None of this was luck. I took the other job because there was an obvious way to make this happen.

The method I’m about to lay out is intended for analysts and engineers. It’s not the only way to pull an end run around the MBA requirement, but it’s a great match with our unique abilities and passions.

Don’t Play Their Game

How do you beat Bobby Fischer, the chess grand master?

Play him in anything but chess.

The admission process for an elite MBA program is biased towards candidates with strong social skills who are coming from Finance and Business backgrounds. They are then groomed through a two year process which polishes their social skills, broadens their perspective, and expands their social network.

MBA’s are the kings and queens of being “broadly” developed and well rounded.

So be what they aren’t: deep.

This isn’t sneering.
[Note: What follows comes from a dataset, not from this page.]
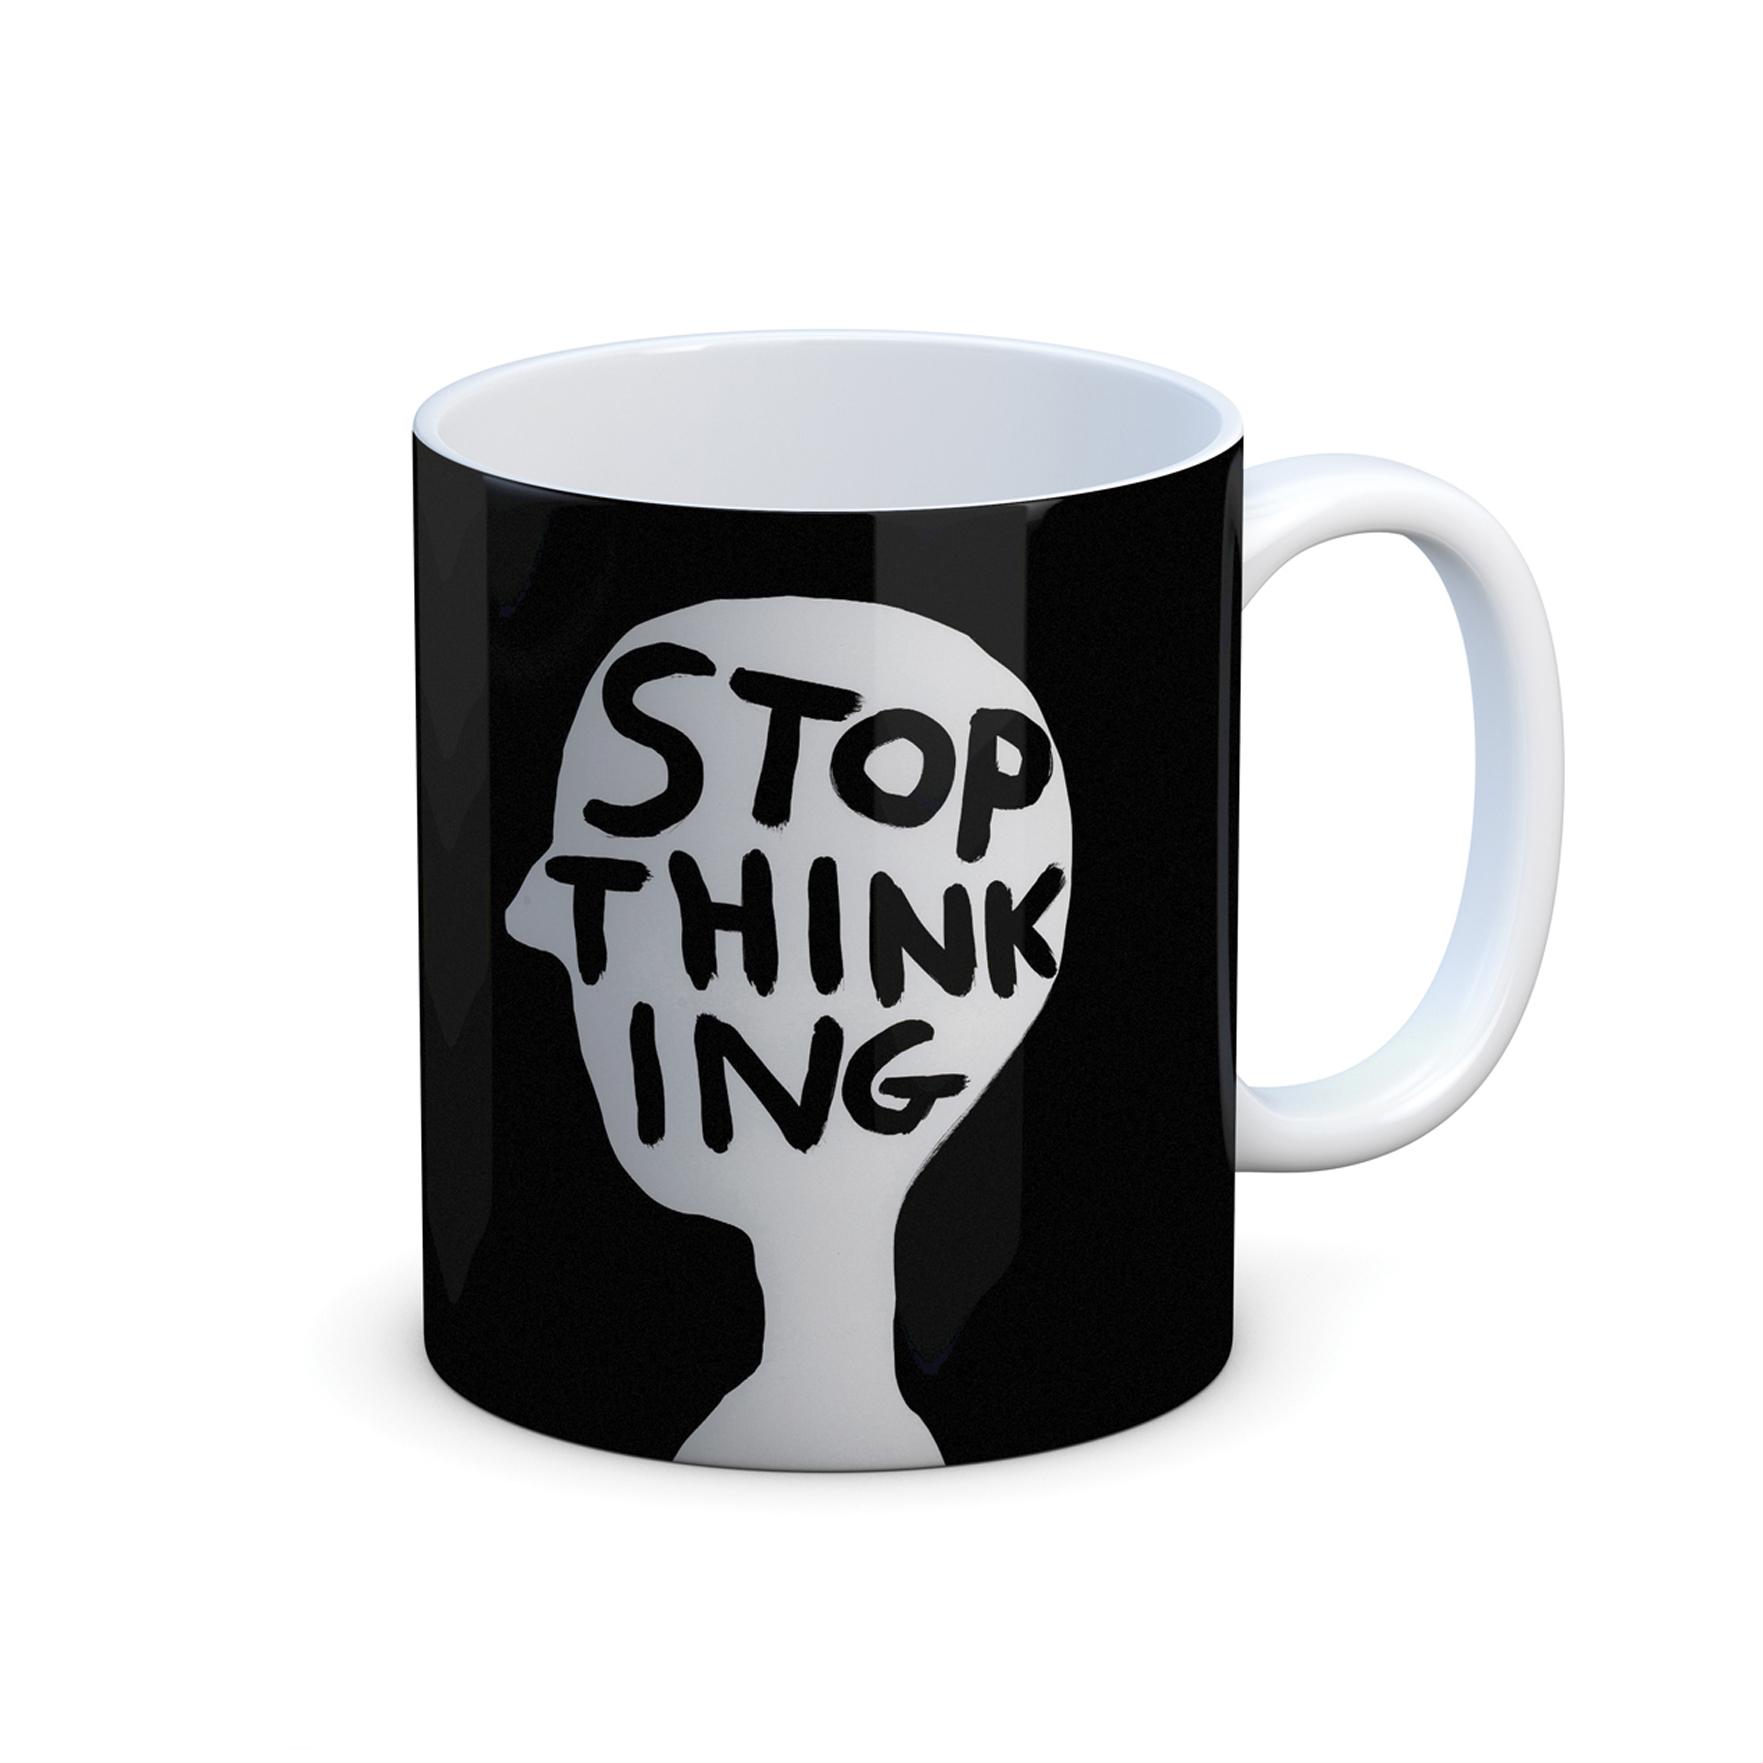 Stop thinking by David Shrigley mug

It is humanly impossible to be truly broad and deep; there’s just not enough time. You either know a little about many things or a lot about a specialty. Pick one and own it.

Hunt for High Value (Technical) Muck

No matter how many PowerPoints are unleashed in the boardroom, the performance of a businesses ultimately dictated by processes and technology. Either the machine works or it doesn’t.
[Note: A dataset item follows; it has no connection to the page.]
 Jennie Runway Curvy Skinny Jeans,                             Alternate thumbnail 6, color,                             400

Be alert for messy tasks with a high impact on business performance. Especially ones which require technical skills or advanced training.

These play to your strengths.

Control the Spice, Control The Universe

Everyone wants to do marketing strategy. Marketing Analytics? Meh. Data pulls and list processing? Surely you can outsource that, right? That’s totally beneath the dignity of an MBA.

The funny thing about managing list processing:

By directly working with the data, you see things that don’t get shown in a report
By directly controlling this process, you can make changes to the data you want

Jumping back to the marketing example I shared, within three months of taking over mailing list processing, our team had access to data that nobody else was looking at. Better yet, we started reading test results in weeks instead of months. But the real value was getting visibility into the details of failed tests: we could salvage insights to improve our future bets.

Speaking as an engineer, working on this project was like being a kid in a candy store. Lots of interesting puzzles to figure out, plenty of things to optimize, and some creative coding challenges. Plus you get to show off some neat things at the end. This was totally inside my comfort zone.

That being said, this makes for good “tech guy of the year” material but we’re still not getting promoted. That takes the next step.

Translate The Win Back Into Business Terms

Go up two levels in the org chart and they probably don’t know what list processing is. They may barely understand analytics. They’re certainly not very interested in R programming.

They do understand getting things done.

So craft a story which translates the technical accomplishment into business terms and impact.

For the direct marketing example, the story looks like this:

We were able to figure out who responds to our sales and marketing programs
Since we’re selecting the right prospects and offers, our sales are up over 80%
Even better, we’re able to test in weeks rather than months, so we learn faster
Our client (a large retailer) is happy and wants to double the marketing budget

Boom. Technical result translated into MBA terms. Backed by the full power of knowing what was going on inside the box and using engineering expertise to make it run better.

When the job came open, my “unqualified” application was moved to the head of the line.

Cashing In: Getting Paid What You’re Worth

While I’m a fan of employer loyalty, there’s a key drawback in this method. Step Four addresses this.

Employers price talent based on the kind of problems they’re being hired to solve. Most of us start our career as interchangeable “commodity talent”. Corporate HR departments are good at figuring this out.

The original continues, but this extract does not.